Skip the pictures. Retype exactly, and only, the lines between the line holding "NMB48 通常盤Type-C NMB48" and the last line below, inclusive.
── Data extract
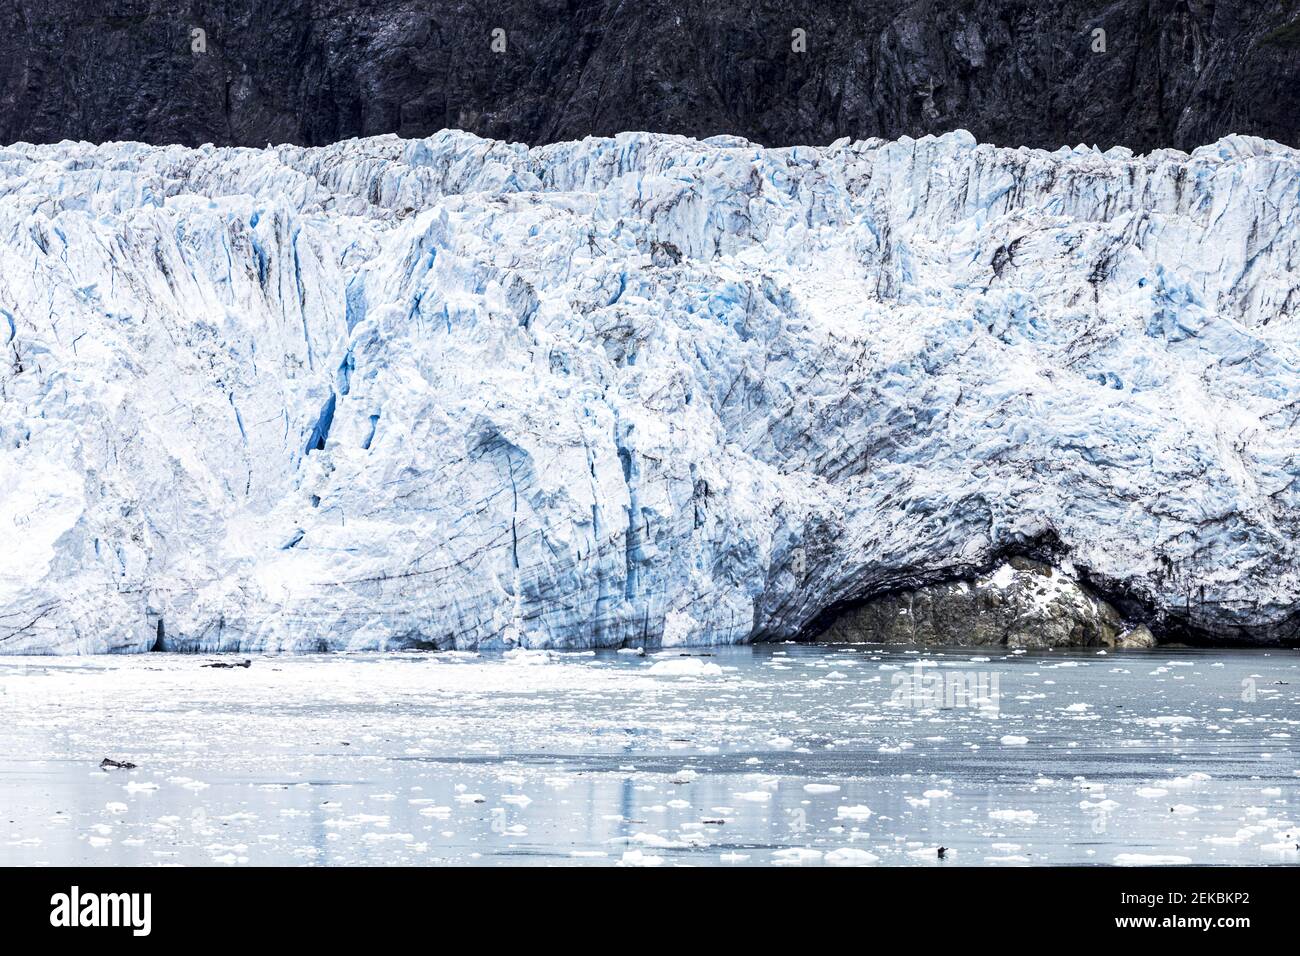 La faccia rotta del ghiacciaio Margerie nell'insenatura di Tarr di Glacier Bay, Alaska, USA - a dimostrazione dell'erosione di una roccia sottostante. Foto Stock
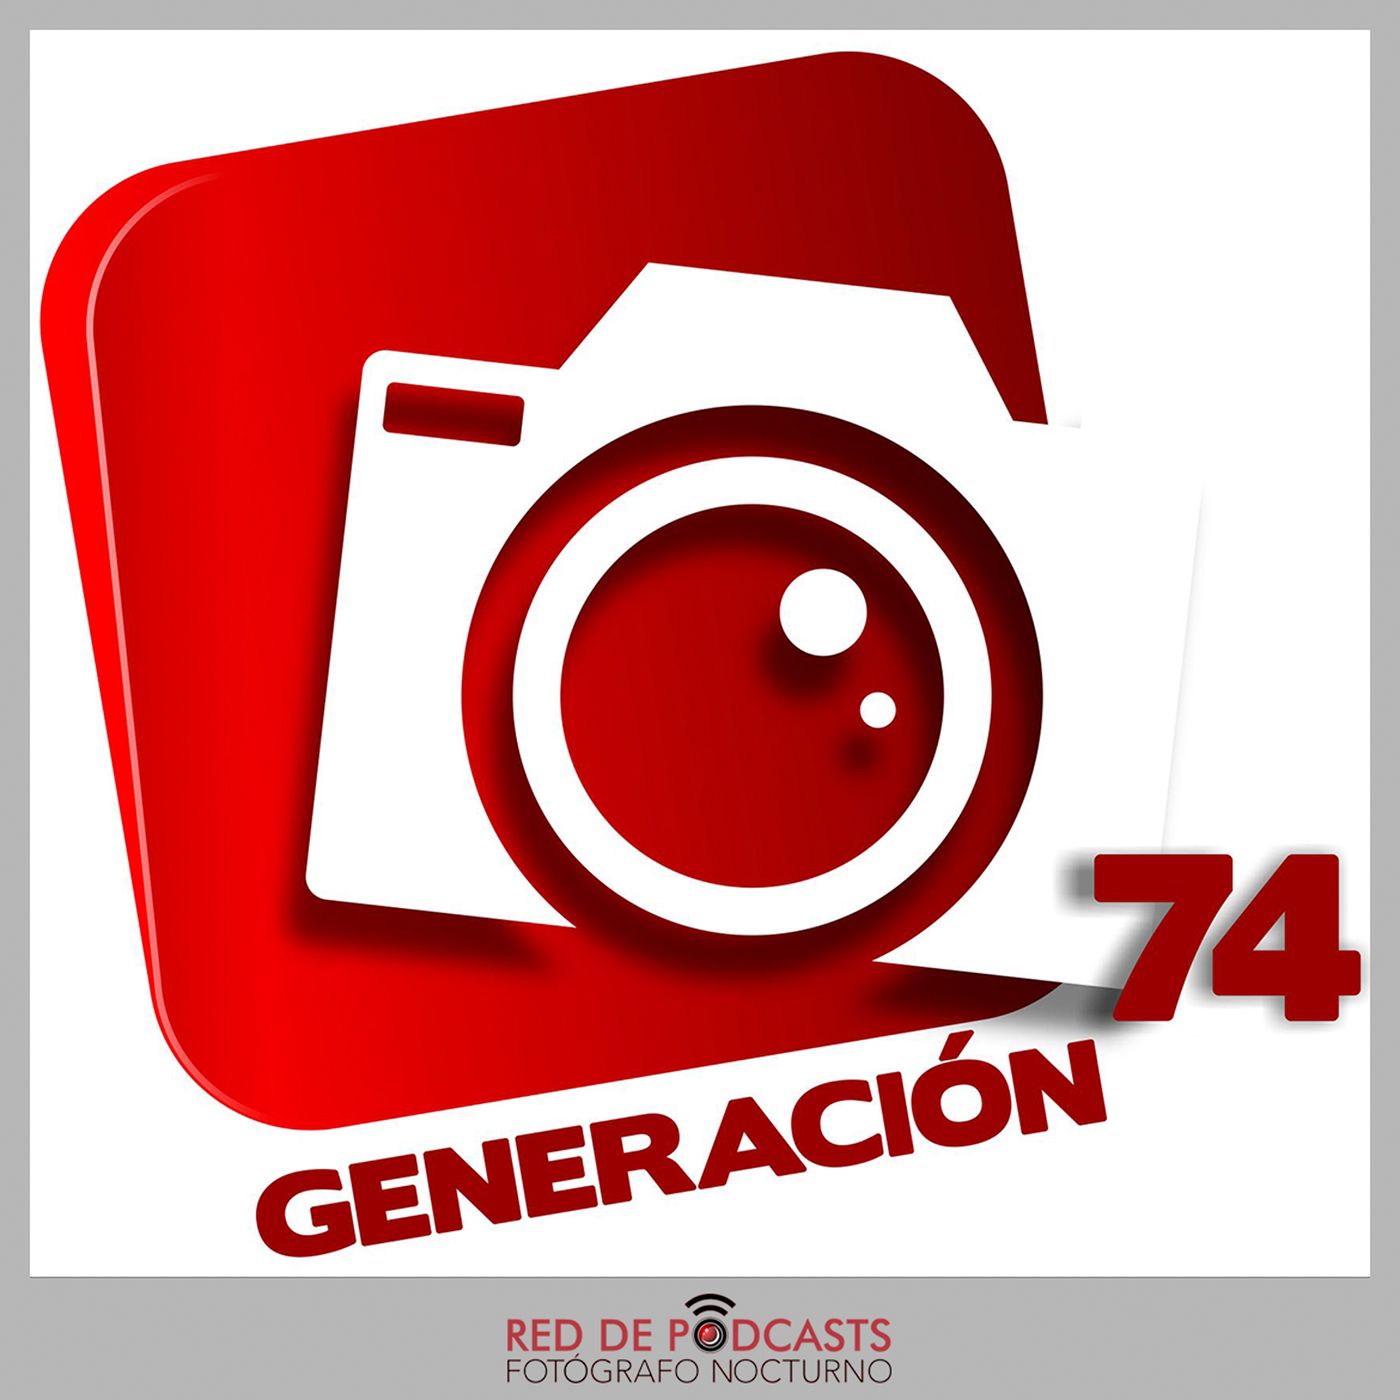 Generación 74
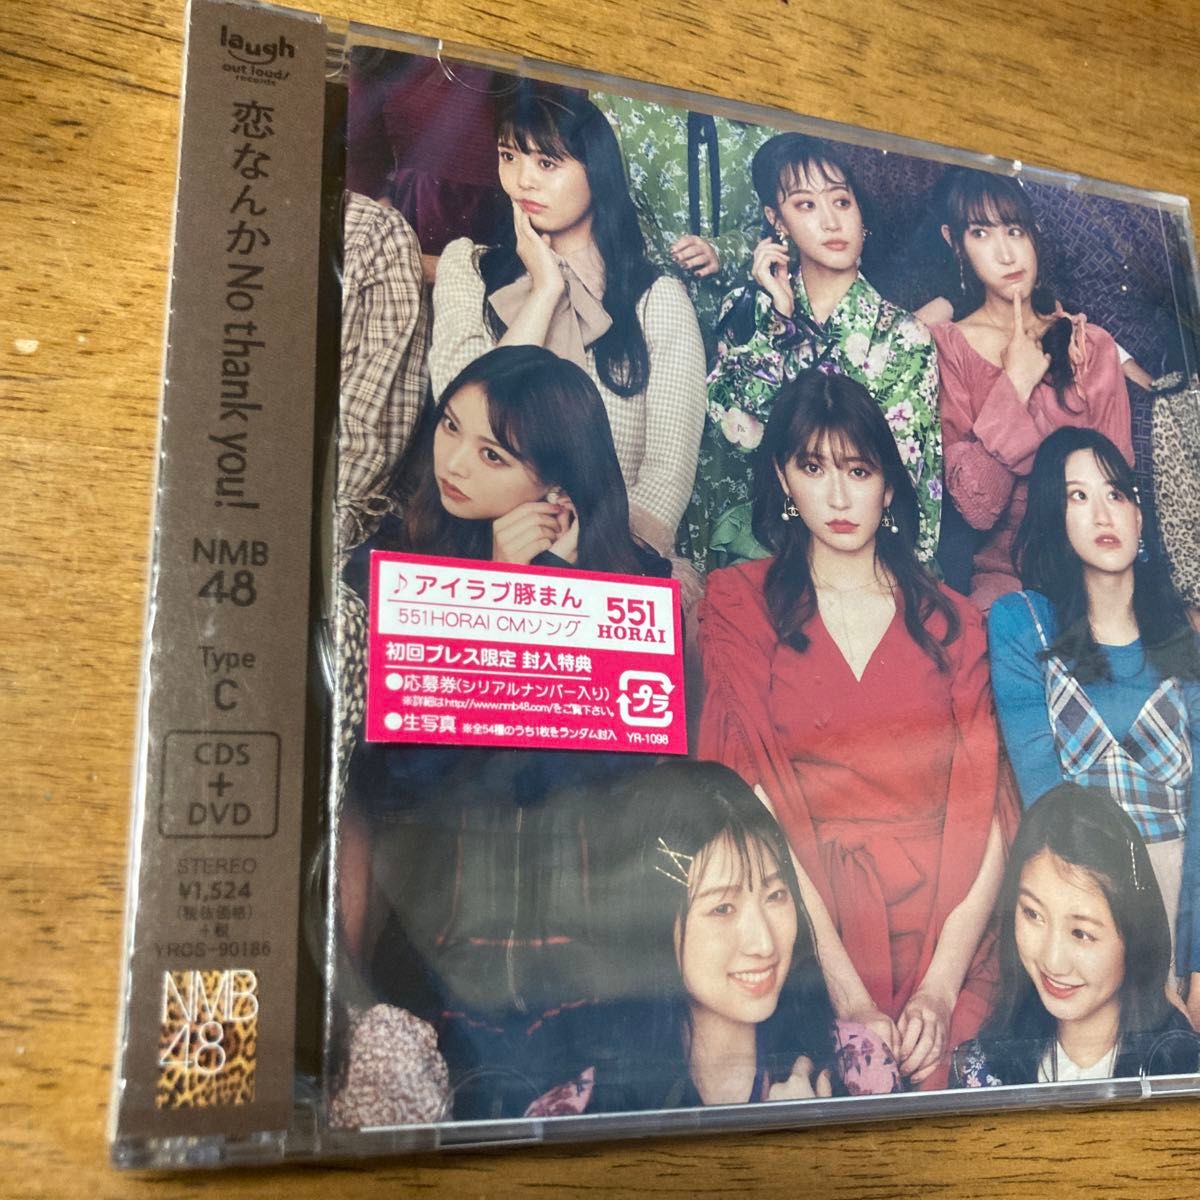 NMB48 通常盤Type-C NMB48 CD+DVD/恋なんかNo thank you! 20/11/18発売
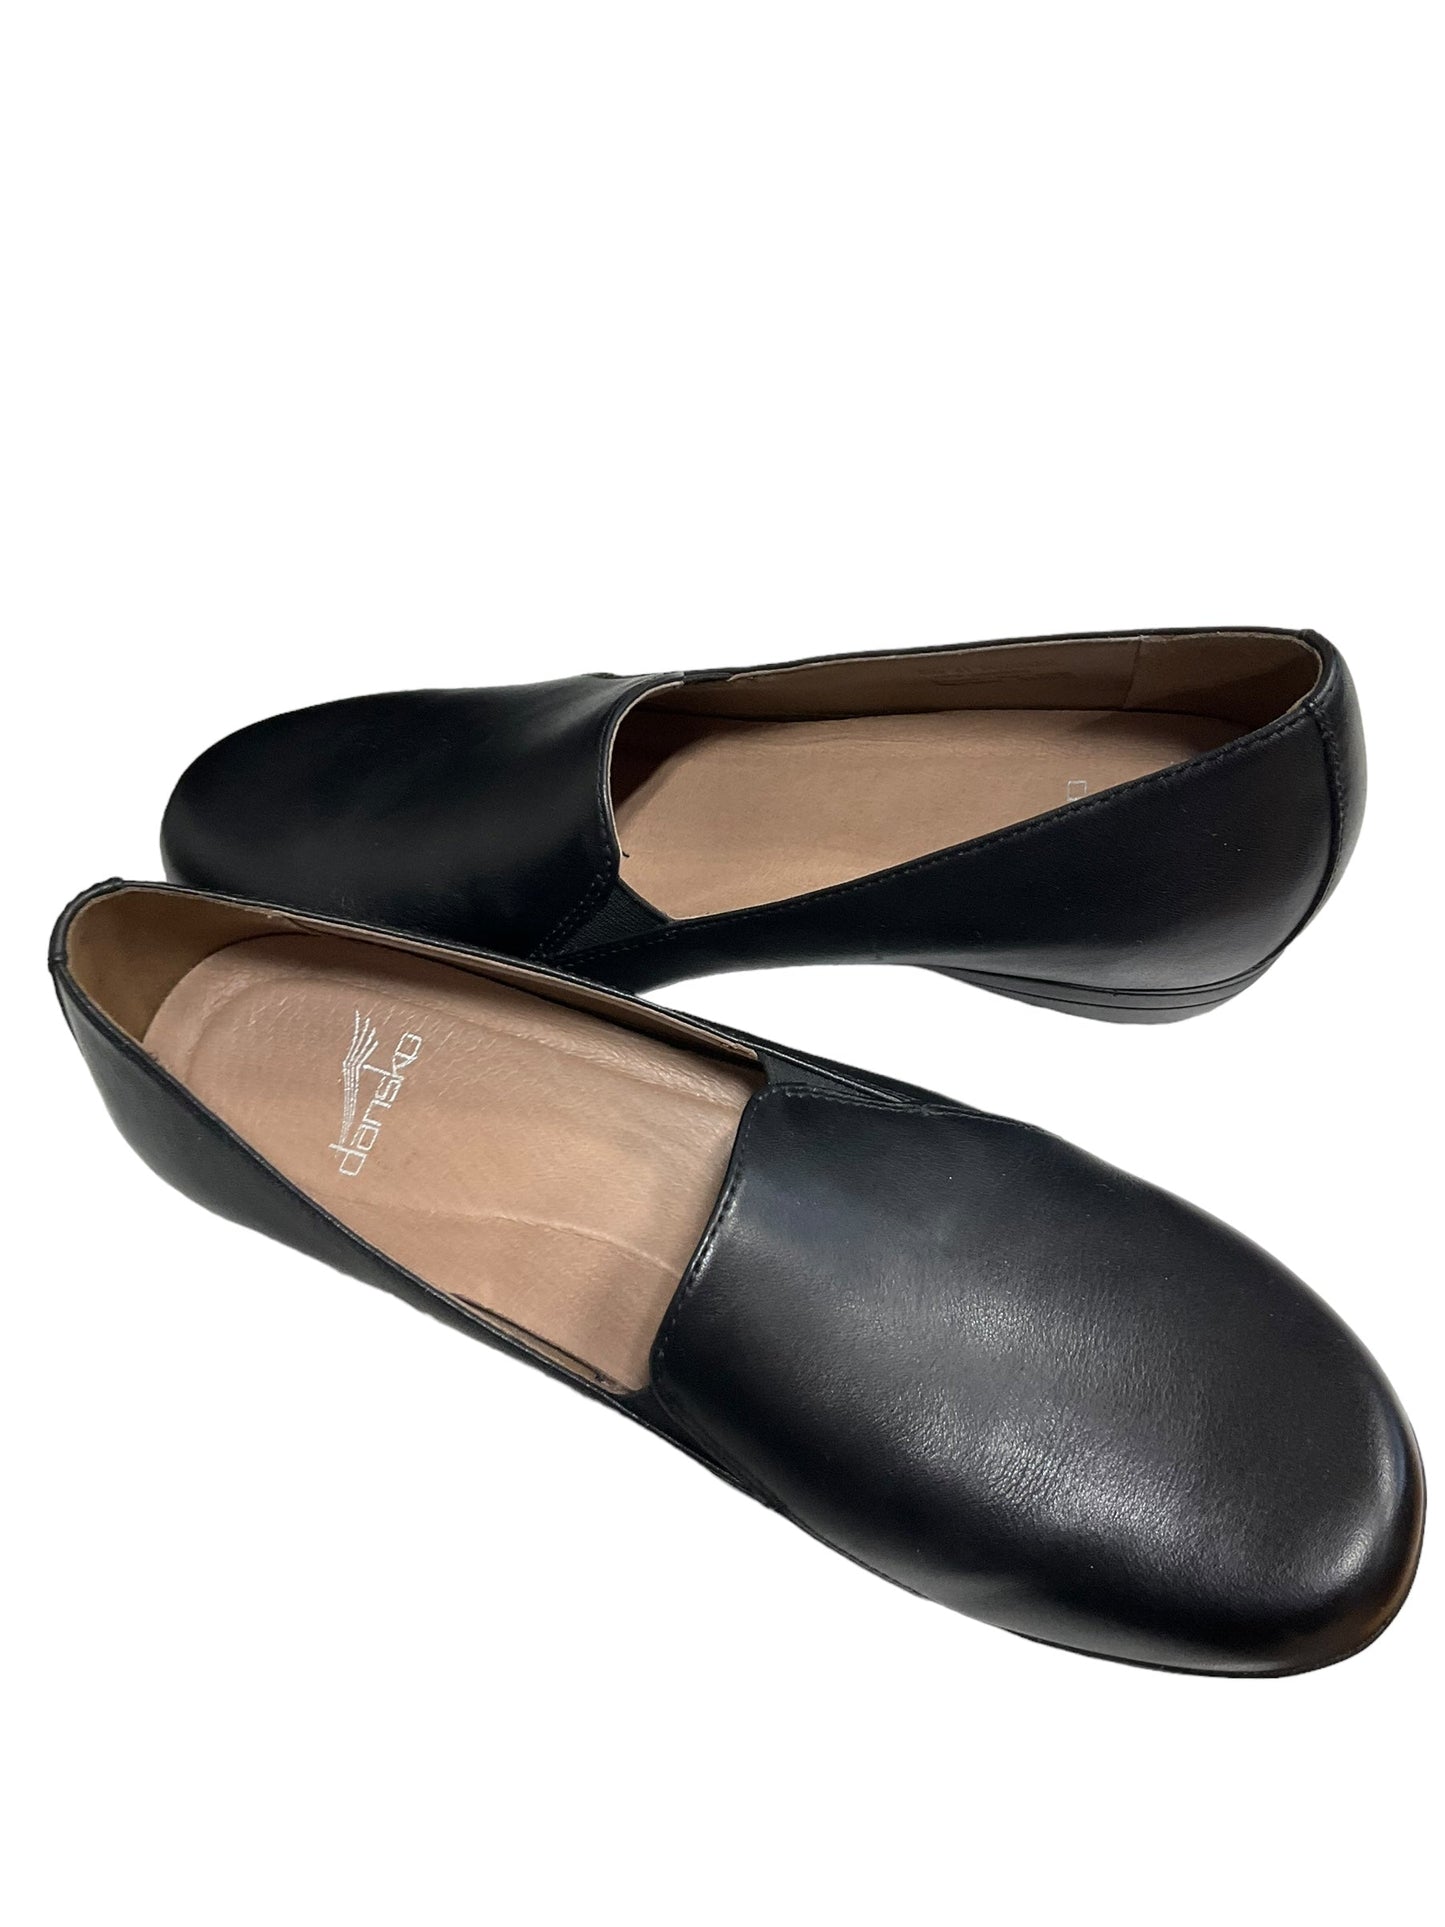 Black Shoes Heels Wedge Dansko, Size 10
────
__Solution to this exercise__
 NMB48 通常盤Type-C NMB48 CD+DVD/恋なんかNo thank you! 20/11/18発売
 Black Shoes Heels Wedge Dansko, Size 10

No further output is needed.